Properties enriched (only those already in the schema):
  * mechanical.density          (kg/m³ → g/cm³)
  * thermal.specific_heat       (J/(g·K) → J/(kg·K))
  * thermal.thermal_conductivity (W/(m·K), identity)

Viscosity is in the WebBook payload but the runtime schema has no
viscosity field today — skipped rather than invented.
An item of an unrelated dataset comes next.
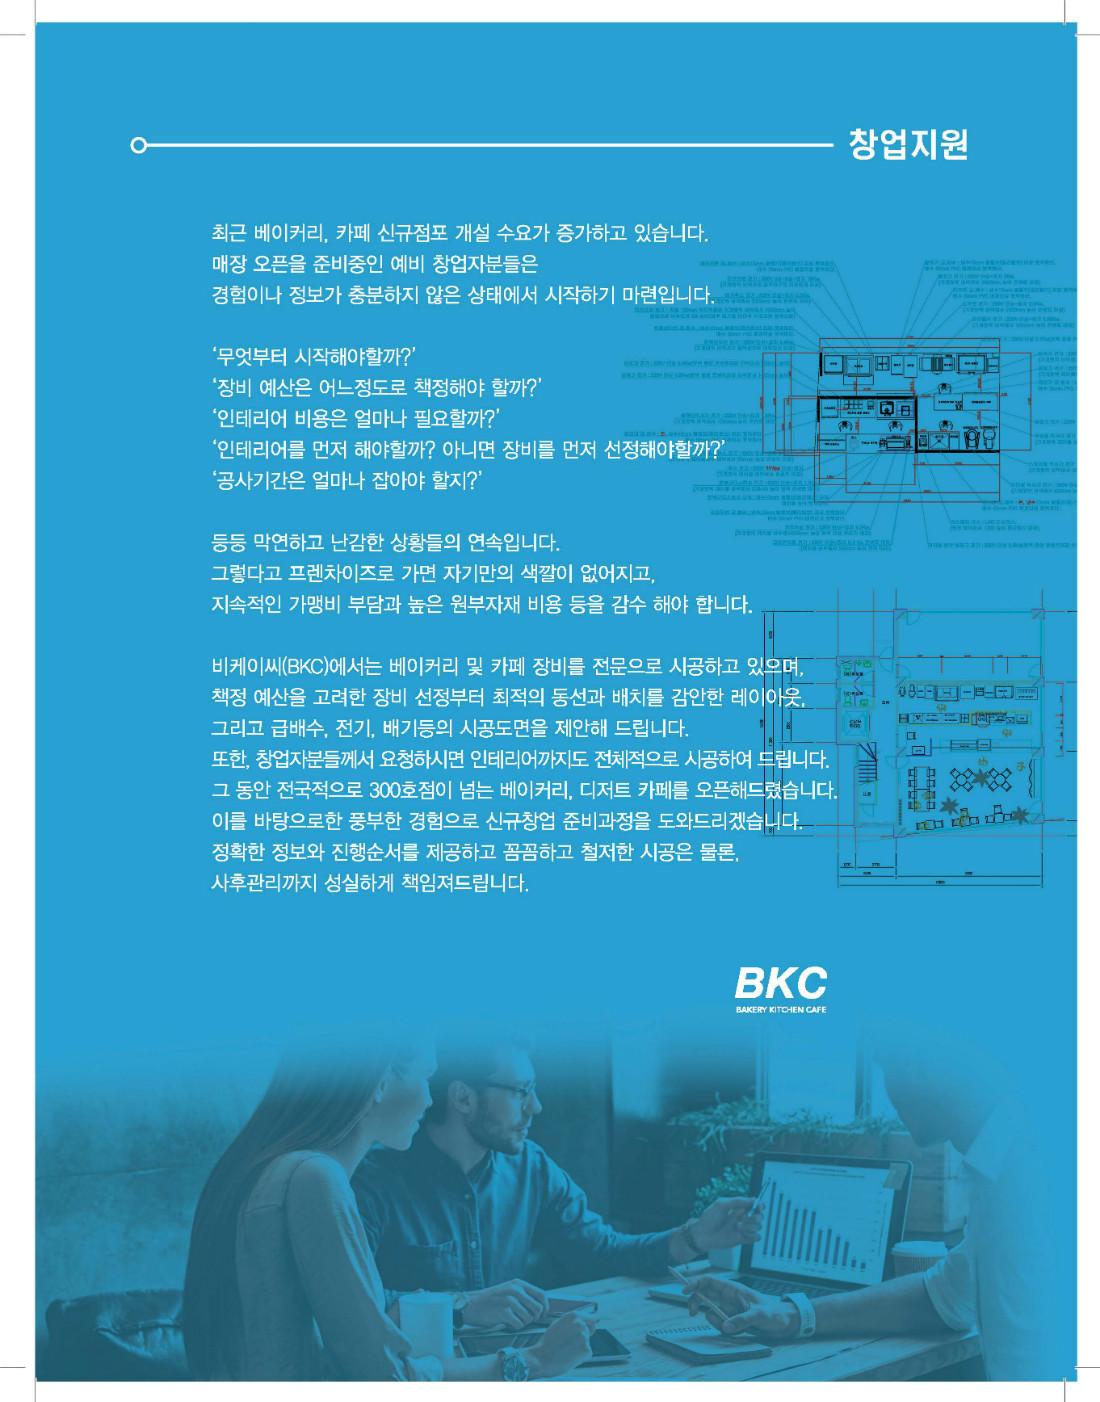 BKC카다로그시안_1105(인쇄용)-16p_페이지_03 - 복사본.jpg

Temperature
curves are out of scope (separate Phase-4 follow-up).

Behaviour mirrors the other enrichers (#197/#198/#200/#201):
  * Default: comparison-only (DIFF threshold 2%).
  * --write: ADD-ONLY; existing values are NEVER overwritten.
  * --dry-run / --key / --report flags identical to the siblings.
  * Uses `cached_get_text` (30-day TTL) so NIST's polite-traffic
    expectations are respected; uses `build_source_row` and
    `writeback` from `scripts/_curation.py`.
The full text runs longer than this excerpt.